» **Problem statement**: Below are records; the lines starting at the one with "New Year New" and ending at the one with "Lors de la Convention" must be reproduced exactly, both included. Pictures must not appear.

» **Dataset entries**:
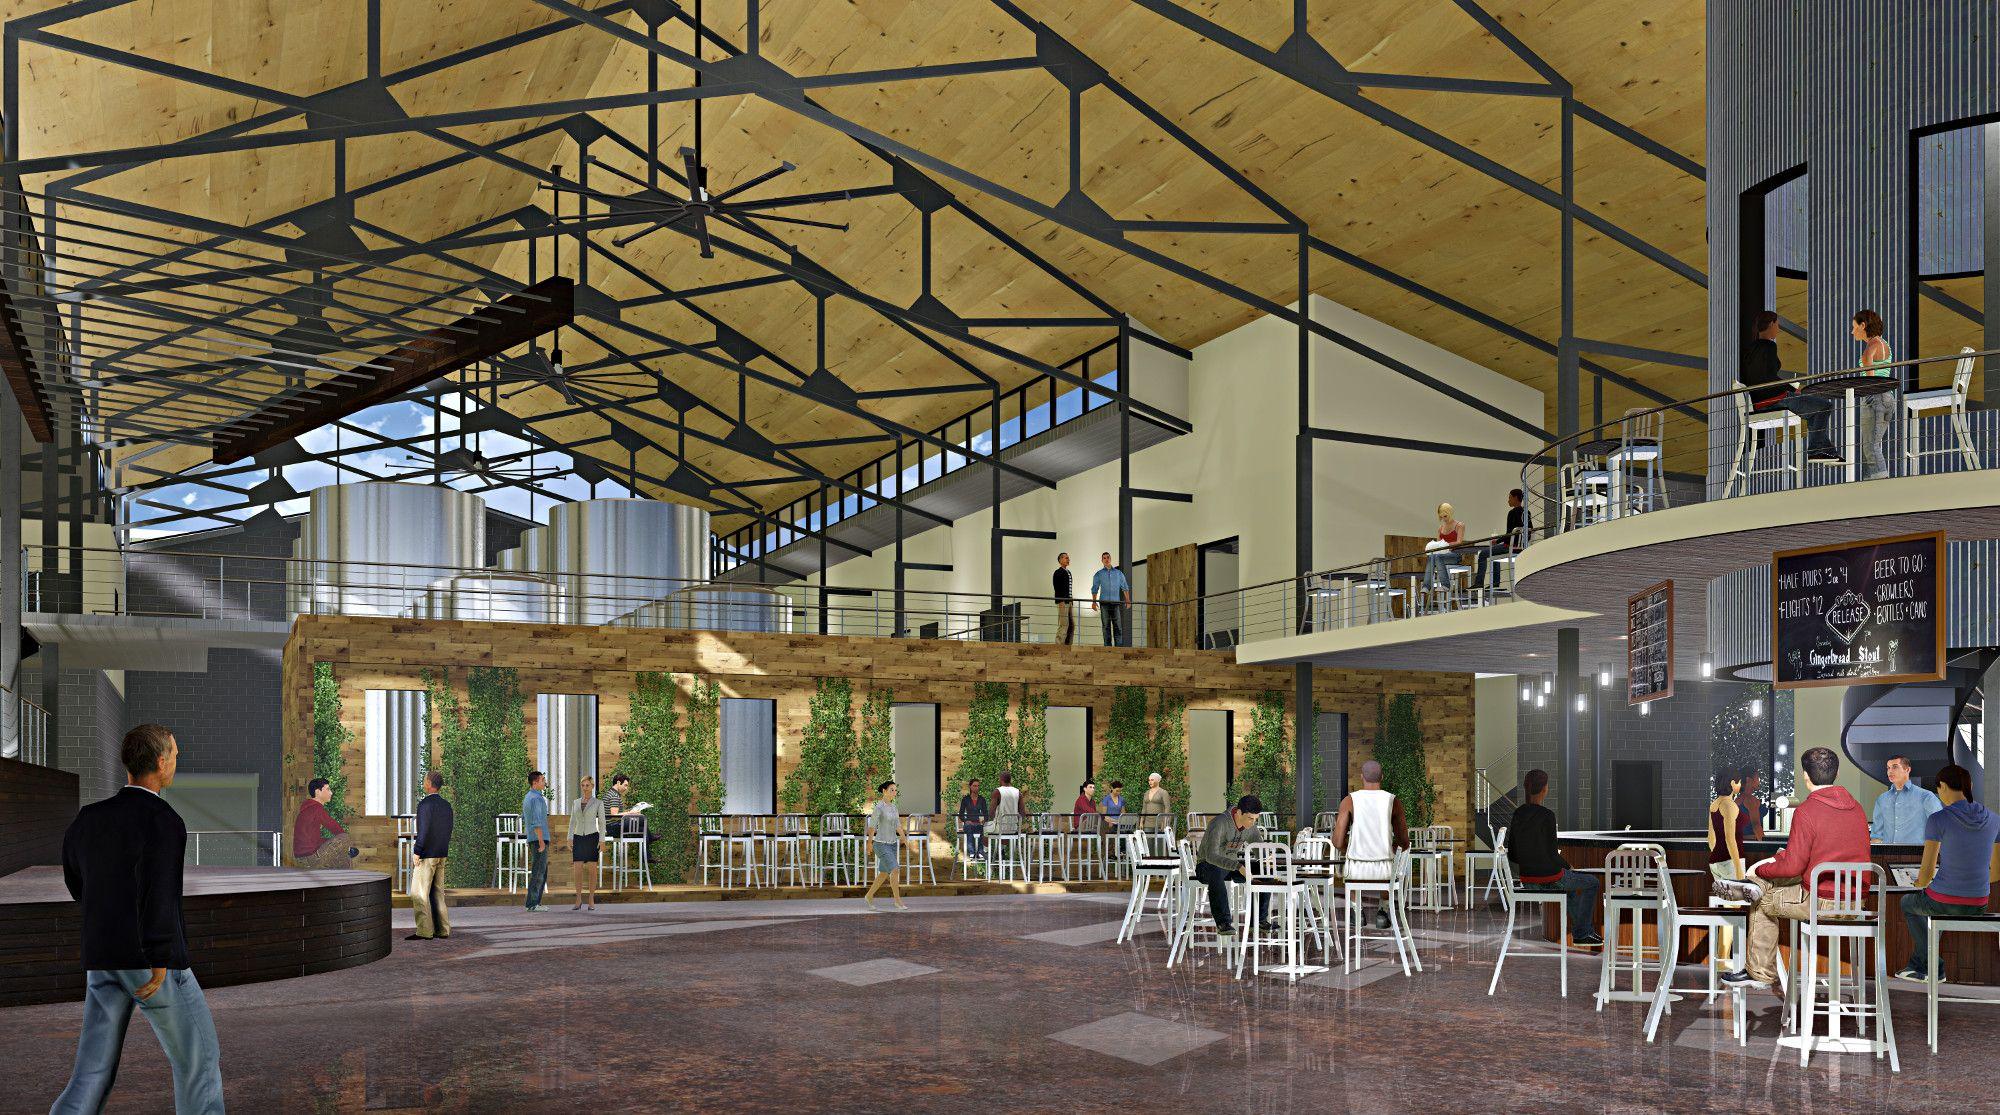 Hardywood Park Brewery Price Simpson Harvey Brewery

* * *

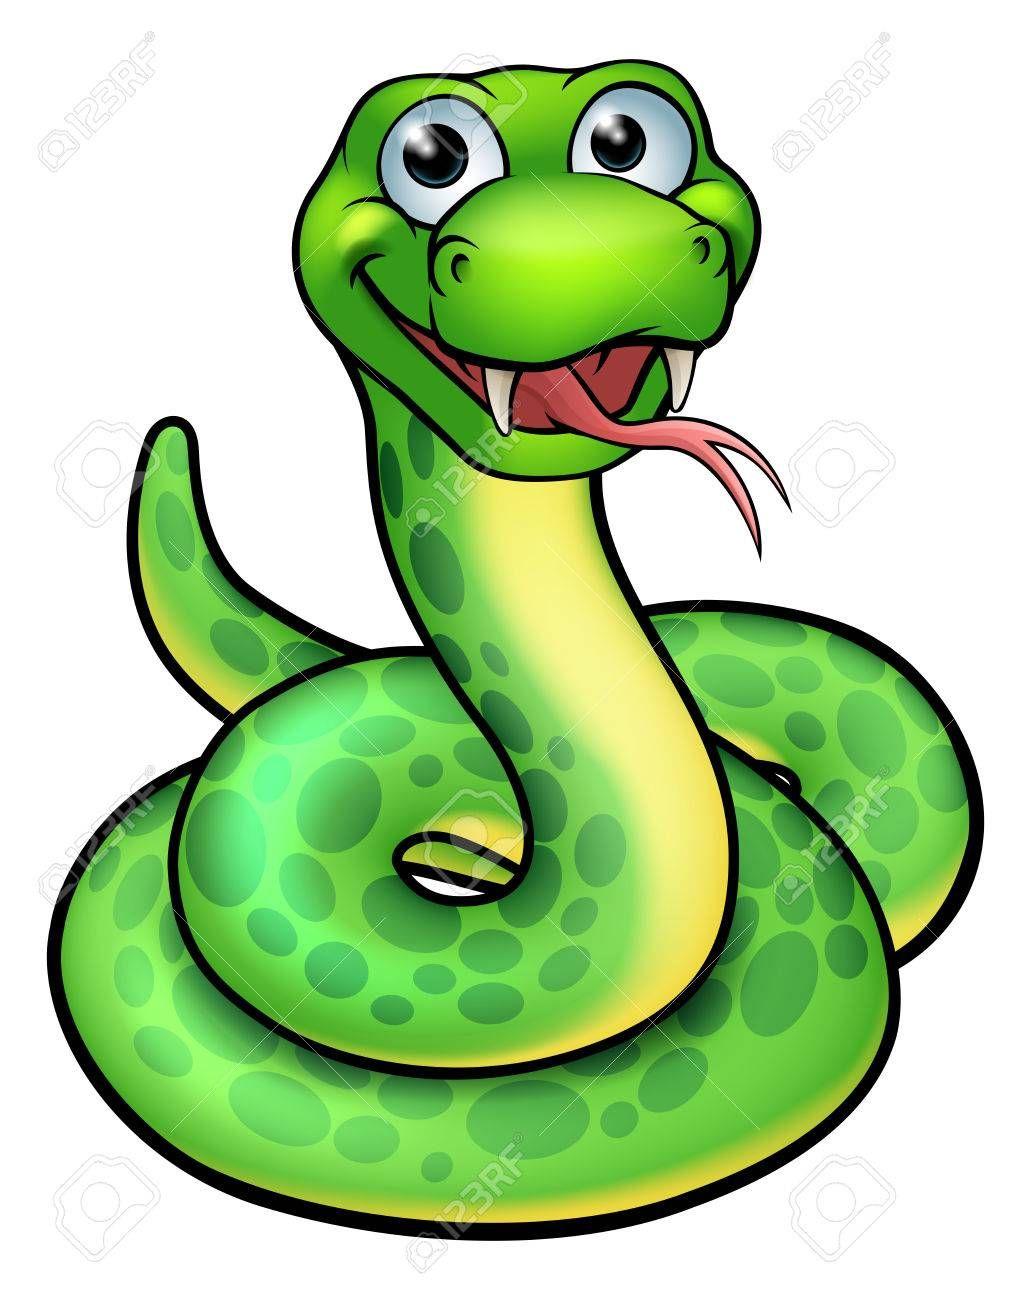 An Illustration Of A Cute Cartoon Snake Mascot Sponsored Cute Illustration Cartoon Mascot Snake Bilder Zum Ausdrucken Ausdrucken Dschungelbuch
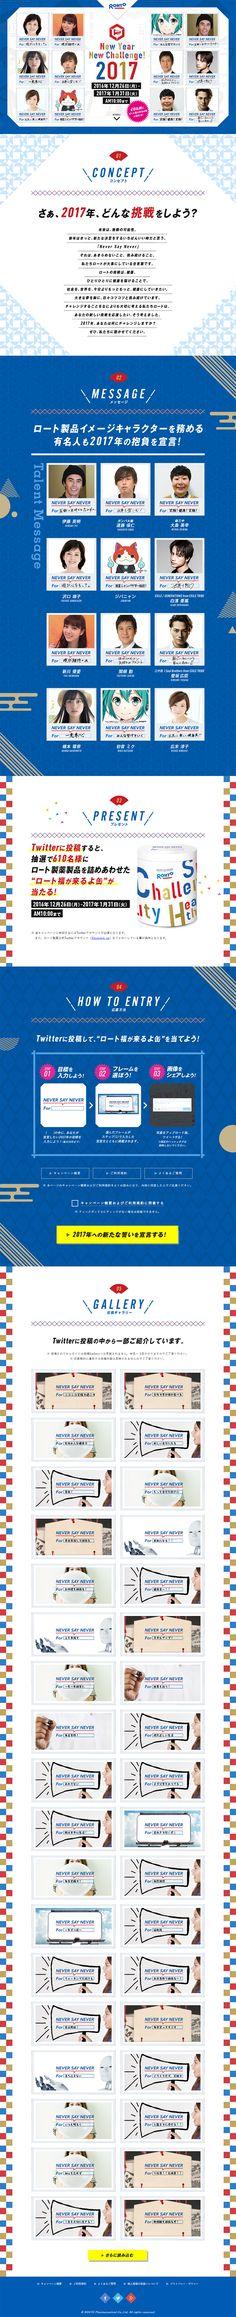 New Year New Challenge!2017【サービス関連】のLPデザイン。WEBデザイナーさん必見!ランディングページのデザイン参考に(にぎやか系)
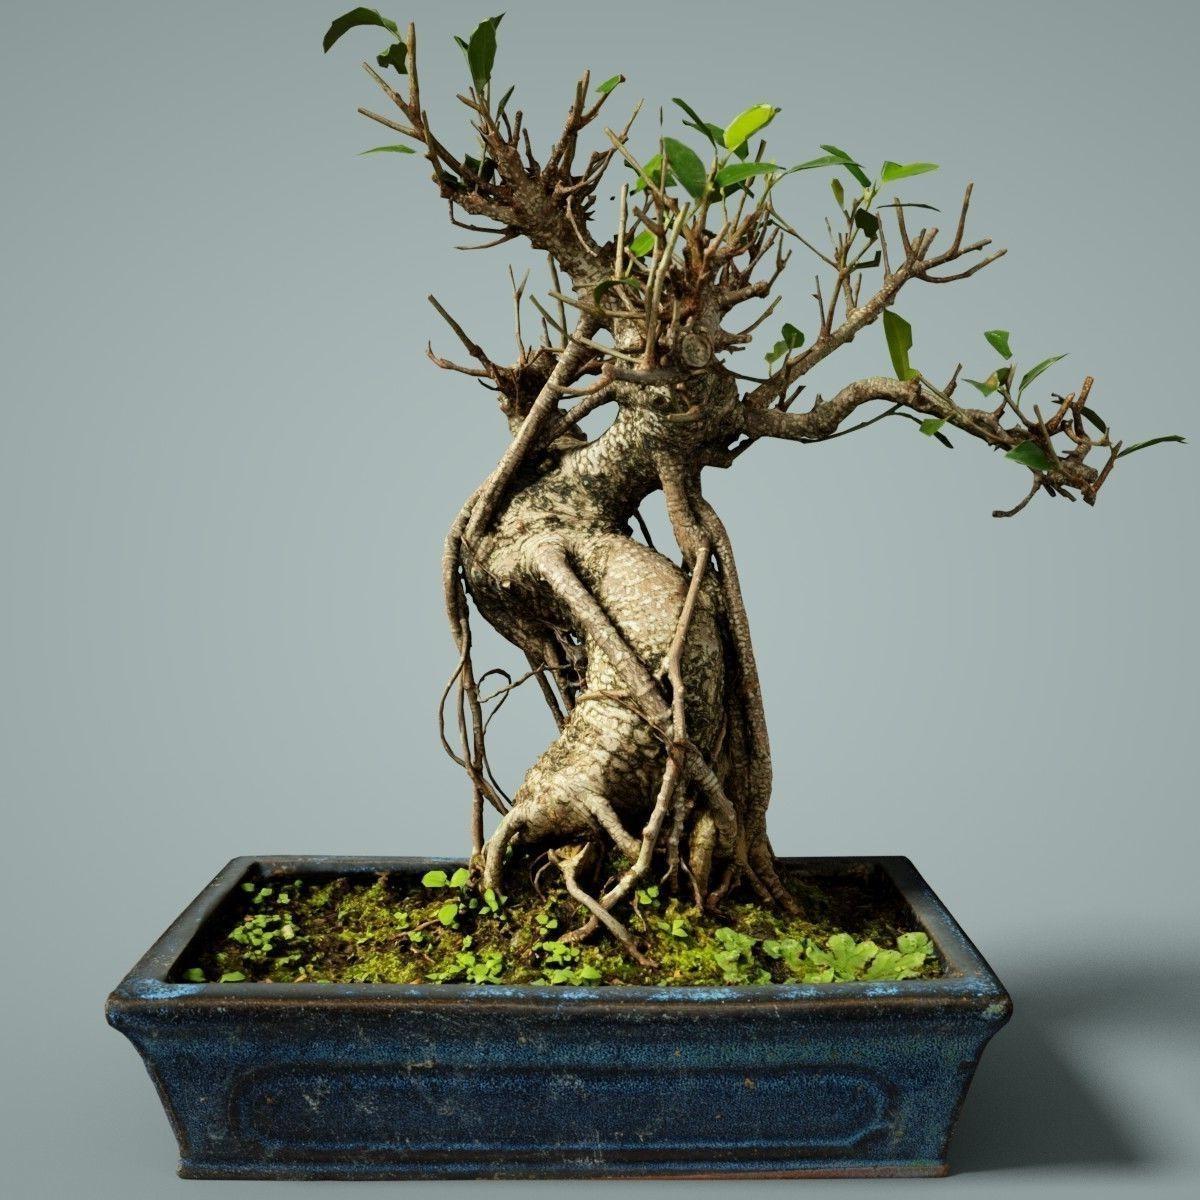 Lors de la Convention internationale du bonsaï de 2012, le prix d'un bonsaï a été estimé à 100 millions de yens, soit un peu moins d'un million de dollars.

» **Written response**:
 New Year New Challenge!2017【サービス関連】のLPデザイン。WEBデザイナーさん必見!ランディングページのデザイン参考に(にぎやか系)
 Lors de la Convention internationale du bonsaï de 2012, le prix d'un bonsaï a été estimé à 100 millions de yens, soit un peu moins d'un million de dollars.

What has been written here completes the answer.